2 Classic methods using independence tests on graphs

Many. In my time in the lectures of Marloes Maathuis I learnt some of the theory, but TBH everything has fallen out my head now, since I have not used them in practice. Notable works are Colombo and Maathuis (2014);Drton and Maathuis (2017);Heinze-Deml, Maathuis, and Meinshausen (2018);Maathuis, Kalisch, and Bühlmann (2009);Maathuis et al. (2010).

Most of these seem to boil down to the cases where belief propagation is well-behaved, to wit, linear-Gaussian and discrete RVs. In these, dependence is simple (in the Gaussian case, essentially, two things are independence if their shared entry in the cross-precision matrix is zero). If we can find a way of estimating actual zeros in that matrix, then what? Often we want causal distributions, so the question remains: can we convert the implied undirected graph into a directed one? tl;dr: sometimes. This is one of those cases where the Bayesian method comes out much cleaner; averaging over possible graphs is a natural way of thinking about this.

For a less causal/intervention focused method, see Nonparanormal skeptic (🏗) (H. Liu et al. 2012) which combines semiparametric regression with non-parametric graph inference.

Figure 2: Researcher inferring optimal graph surgery

3 Learning by continuous optimization

A new trick in the arsenal from those neural network nerds. Xun Zheng, Bryon Aragam and Chen Dan in their blog post Learning DAGs with Continuous Optimization introduce NO-TEARS. This is an interesting bit of work AFAICT. Download from xunzheng/notears, and read the papers (Zheng et al. 2018; Zheng et al. 2020):

Estimating the structure of directed acyclic graphs (DAGs, also known as Bayesian networks) is a challenging problem since the search space of DAGs is combinatorial and scales superexponentially with the number of nodes. Existing approaches rely on various local heuristics for enforcing the acyclicity constraint. In this paper, we introduce a fundamentally different strategy: We formulate the structure learning problem as a purely continuous optimization problem over real matrices that avoids this combinatorial constraint entirely. This is achieved by a novel characterization of acyclicity that is not only smooth but also exact. The resulting problem can be efficiently solved by standard numerical algorithms, which also makes implementation effortless. The proposed method outperforms existing ones, without imposing any structural assumptions on the graph such as bounded treewidth or in-degree.

Key insight:

…that the k-th power of the adjacency matrix of a graph counts the number of k-step paths from one node to another. In other words, if the diagonal of the matrix power turns out to be all zeros, there [are] no k-step cycles in the graph. Then to characterize acyclicity, we just need to set this constraint for all k=1,2,…,d, eliminating cycles of all possible length.

Has this gone anywhere?

A related approach is Lorch et al. (2021):

Continuous characterization of acyclic graphs. Orthogonal to the work on Bayesian inference, Zheng et al. (2018); have recently proposed a differentiable characterization of acyclic graphs for structure learning. In this work, we adopt the formulation of Yu et al. (2019), who show that a graph with adjacency matrix $\mathbf{G} \in\{0,1\}^{d \times d}$ does not have any cycles if and only if $h(\mathbf{G})=0$, where \[ h(\mathbf{G}):=\operatorname{tr}\left[\left(\mathbf{I}+\frac{1}{d} \mathbf{G}\right)^{d}\right]-d . \]

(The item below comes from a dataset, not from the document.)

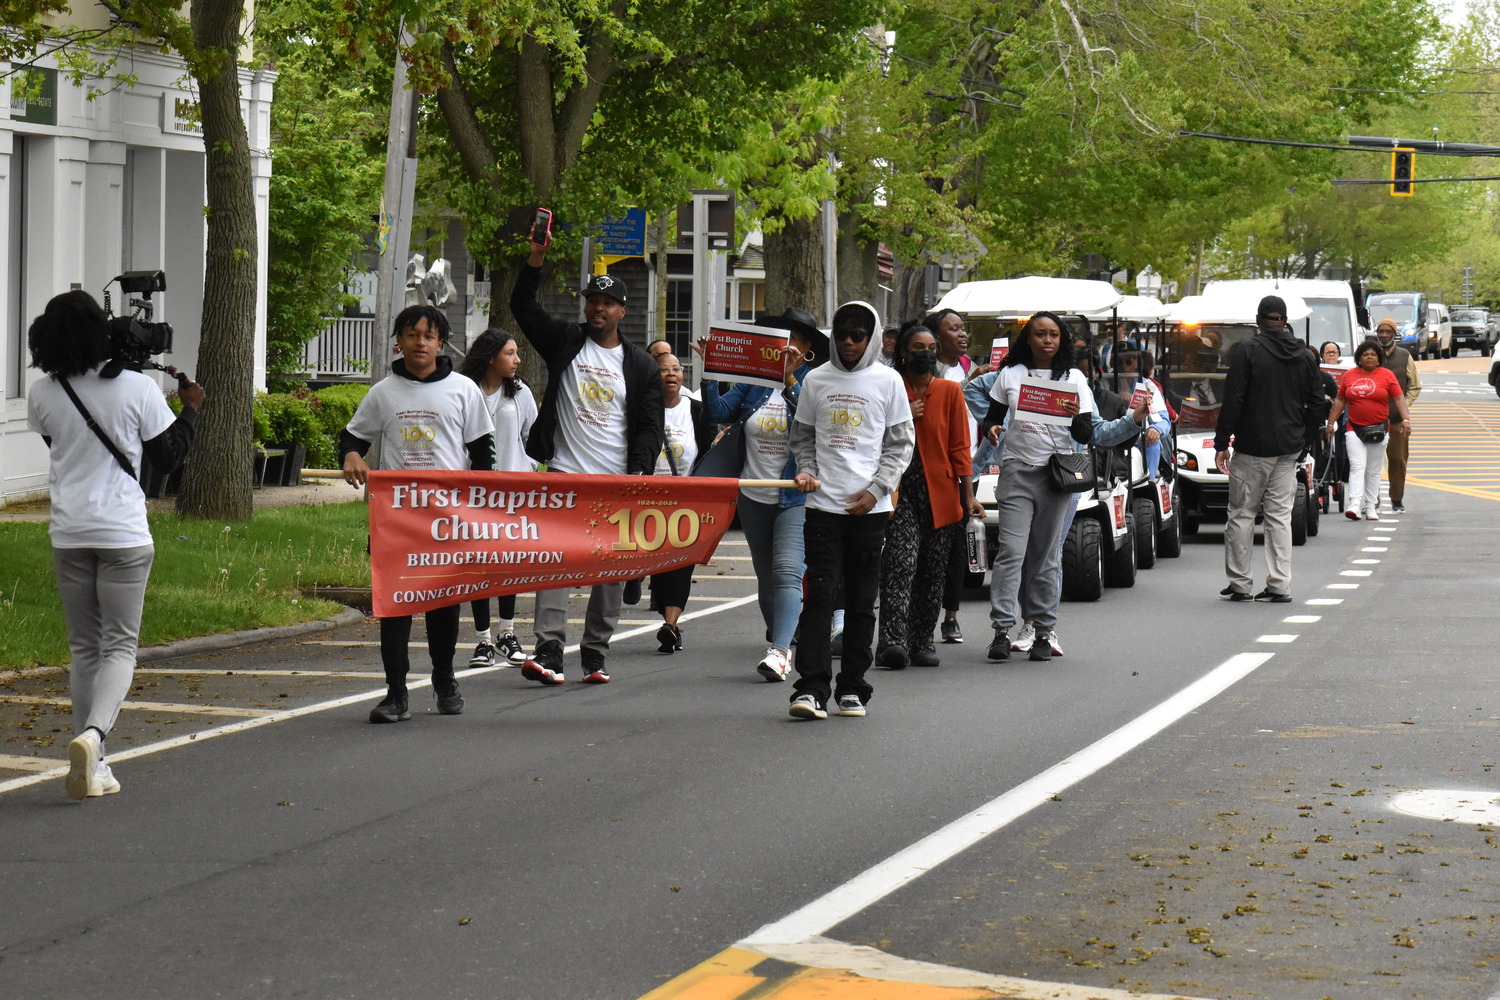 Members of the First Baptist Church of Bridgehampton marched on Montauk Highway on Sunday from their original home on Corwith Avenue to their current church on the Bridghampton-Sag Harbor Turnpike to celebrate the congregation's centennial. STEPHEN J. KOTZ
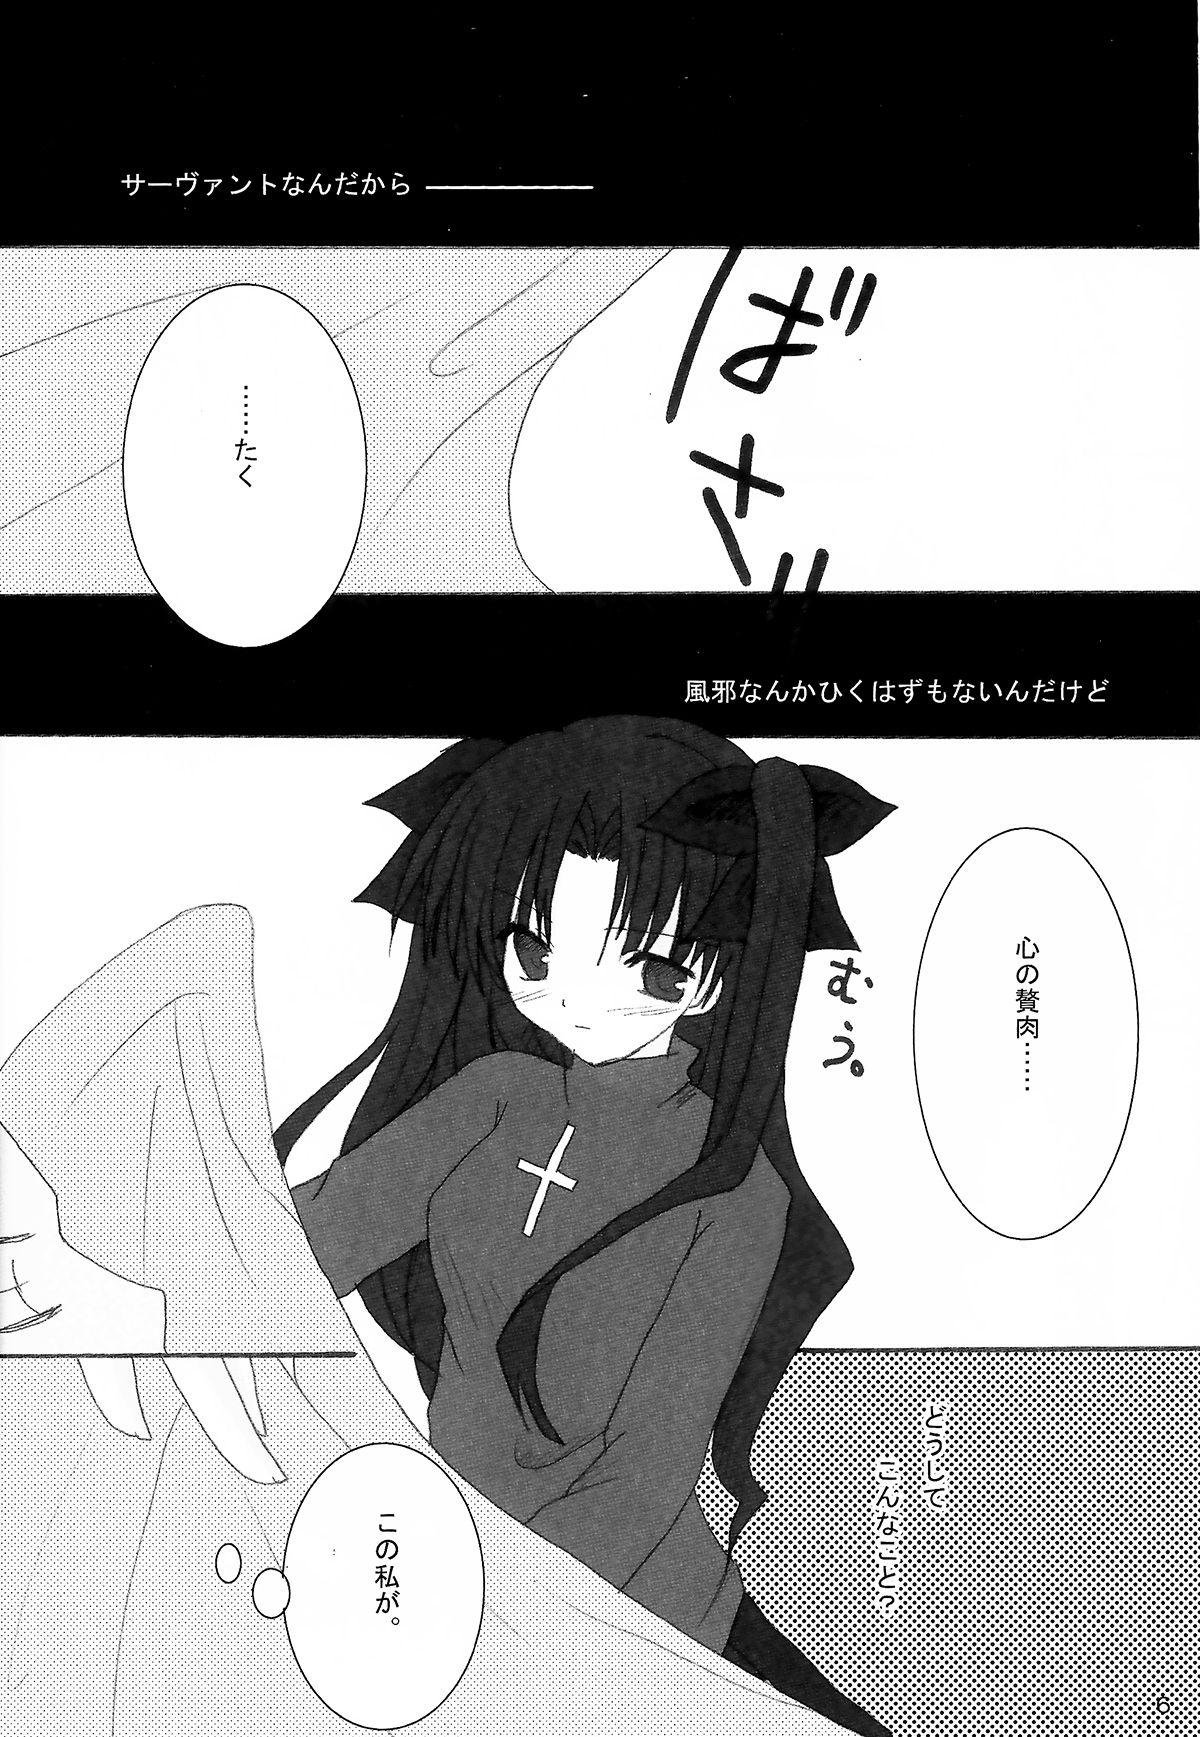 Submission Infinite Emotion - Fate stay night Alone - Page 4

NO-BEARS (H.-C. Lee et al. 2019; Zhu et al. 2020) does more tricks and approximations to make NO-TEARS more scalable, by upper-bounding the spectral radius. (HT Dario Draca for mentioning this.) Connection to orthonormal matrix wrangling.

4 Causal discovery from time series

A particular sub-flavour. Very popular, and weird. Accordingly see the graphical models from time series page.

5 Tools

5.1 DIBS

larslorch/dibs: Joint Bayesian inference of graph and parameters of general Bayes nets

This is the Python JAX implementation for DiBS (Lorch et al. 2021), a fully differentiable method for joint Bayesian inference of the DAG and parameters of general, causal Bayesian networks.

In this implementation, DiBS inference is performed with the particle variational inference method SVGD (Q. Liu and Wang 2019). Since DiBS and SVGD operate on continuous tensors and solely rely on Monte Carlo estimation and gradient ascent-like updates, the inference code leverages efficient vectorized operations, automatic differentiation, just-in-time compilation, and hardware acceleration, fully implemented with JAX.

Documentation.

Their code example is impressive:

In this example, we use DiBS to generate 10 DAG and parameter samples from the joint posterior over Gaussian Bayes nets with means modeled by neural networks.

from dibs.inference import JointDiBS
from dibs.target import make_nonlinear_gaussian_model
import jax.random as random
key = random.PRNGKey(0)

# simulate some data
key, subk = random.split(key)
data, model = make_nonlinear_gaussian_model(key=subk, n_vars=20)

# sample 10 DAG and parameter particles from the joint posterior
dibs = JointDiBS(x=data.x, inference_model=model)
key, subk = random.split(key)
gs, thetas = dibs.sample(key=subk, n_particles=10, steps=1000)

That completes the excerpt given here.